Ama hiçbir zaman büyüklerine karşı saygısızlık yapmadılar.

Hele ki edepsizlik nedir bilmediler.

Büyükleri bağırdığı zaman susmasını bildiler.

Yanağına tokat vurulduğunda karşılık vermediler, hatasını bilip sustular.

Bizim nesil çırak olarak büyüdü.

Yeri geldi bir su tesisatçısının yanında çırak oldu, yeri geldi berber çırağı oldu.

Yeri geldi sırtında odun, kömür taşıyarak hamallık yaptı birkaç kuruş için, yeri geldi pazarlarda su sattı.

Ama kazandı bir şeyler ve kazandığını da anasının babasının eline verdi.

Bizim nesil okurken en ufak bilgiye ulaşması o kadar da kolay değildi.

Mahallenin okumuş ablalarına, ağabeylerine danışırlardı.

Bulamazlarsa da kütüphane kütüphane dolaşırlardı.

Onun için bizim nesil en ufak bilginin bile kıymetini çok iyi bilirdi.

Bizim nesil öyle şatafatlı bir teknoloji içinde büyümedi.

Bizim neslin en büyük lüksü dijital kol saatleriydi.

Ben bile hâlâ koluma ilk taktığım dijital saatin heyecanını yaşar gibiyim şu an.

Hele onun saniyelerini atlarken izlemek bana inanın o zaman büyük bir haz veriyordu.

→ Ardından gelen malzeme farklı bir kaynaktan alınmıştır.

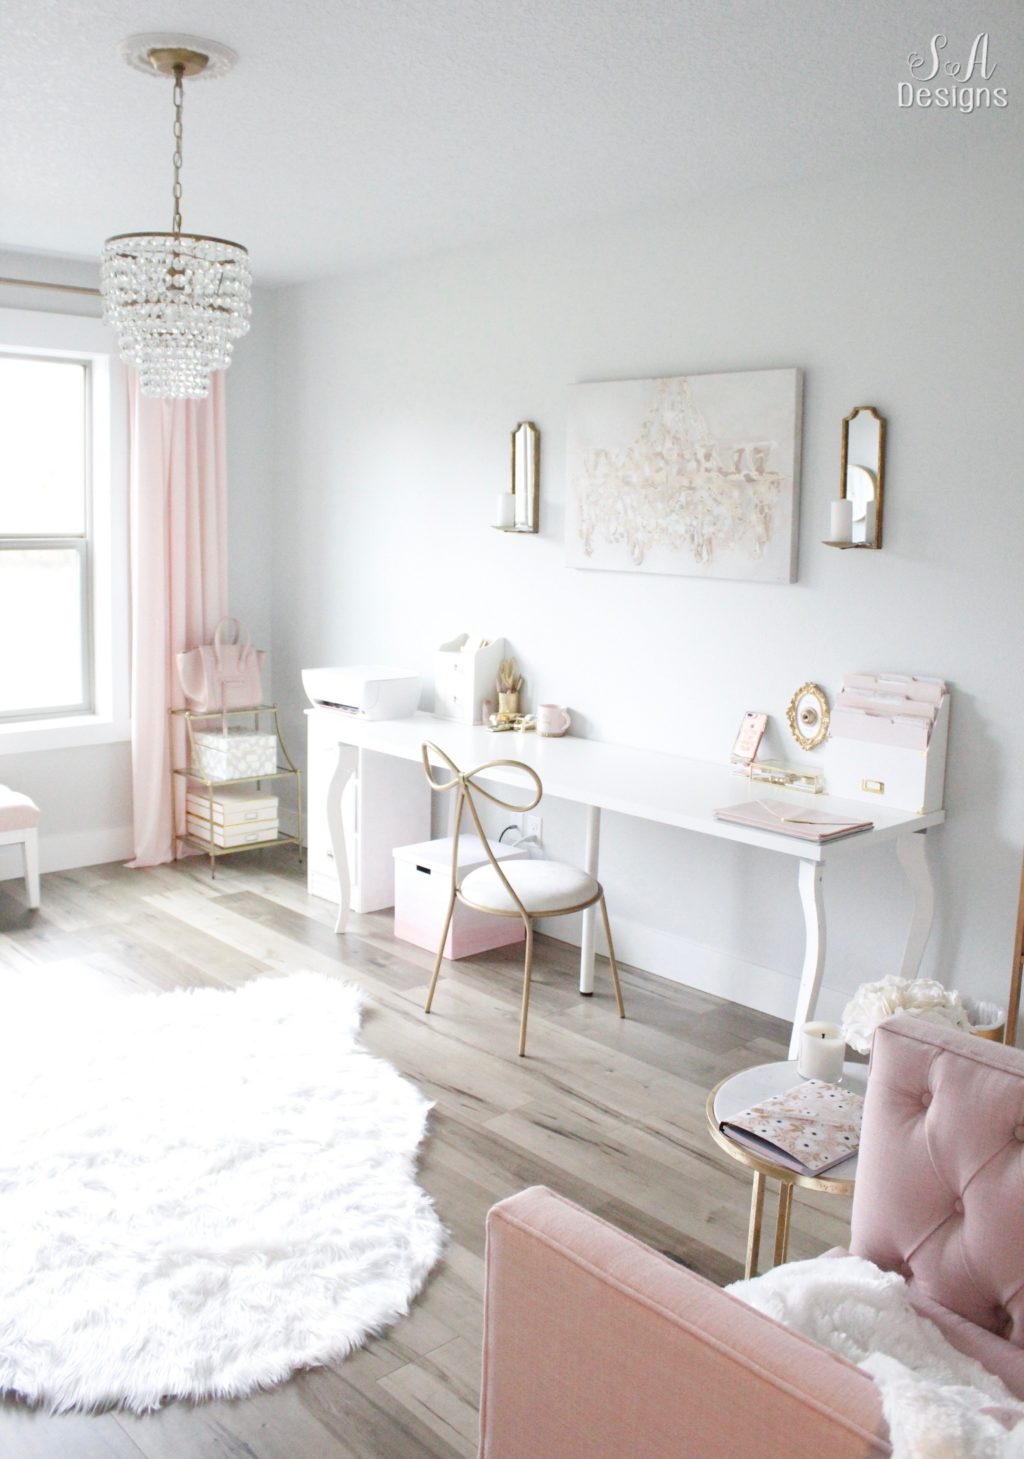 Updated Glam Office Reveal With Blush Pink Walls - Summer Adams

Bizim nesil ilk renkli televizyonu renkli camlarda yaşamıştı. Daha sonra televizyonlar renklenince gerçek renkli televizyonla tanışmıştı.

Sadece bir kanalımız vardı, o da TRT idi.

Sonra başka başka kanallar çıktı.

O zaman medyamız artmaya başlamıştı.

Bizim nesil radyodan maç dinlemenin zevkiyle büyüdü.

Hâlâ kulaklarımda çınlar İlker Yasin’in, Necati Karakaya’nın sesleri.

Bir de bizim neslin maça gidişlerini hiç unutmam.

Herkes geceden stadın kapısında kuyruk olurdu büyük maçlara gidebilmek için.

Bir de o maçlarda tükürük köftesi meşhurdu.

Bizim nesilden hemen herkes bu tükürük köftesinin tadına mutlaka bakmıştır.

Dedim ya bizim nesil saygıda, edepte, hayâda kusur etmezlerdi.

Bir kızdan bahsedilse kızarırdık.

Severdi bizim nesil, hatta âşık olurdu.

Ama öyle hemen şıpsevdi aşkları değildi bizim neslin aşkı.

Bizim nesil aşkın kıymetini bilirdi.

Çünkü bizim nesli kızların öyle hemen yelkenleri koy vermezdi.

Sevdiğini süründürürdü.

Belki yaptığı nazdan, belki de çevresinden çekindiği için.

Böyle ağır aşklar, ağır ağır işlerdi bizlerde.

Onun için aşklarımız kıymetliydi bizim neslin.

Şimdiki nesil ile bizim nesli kıyas ediyorum; arada dünyalar kadar fark var.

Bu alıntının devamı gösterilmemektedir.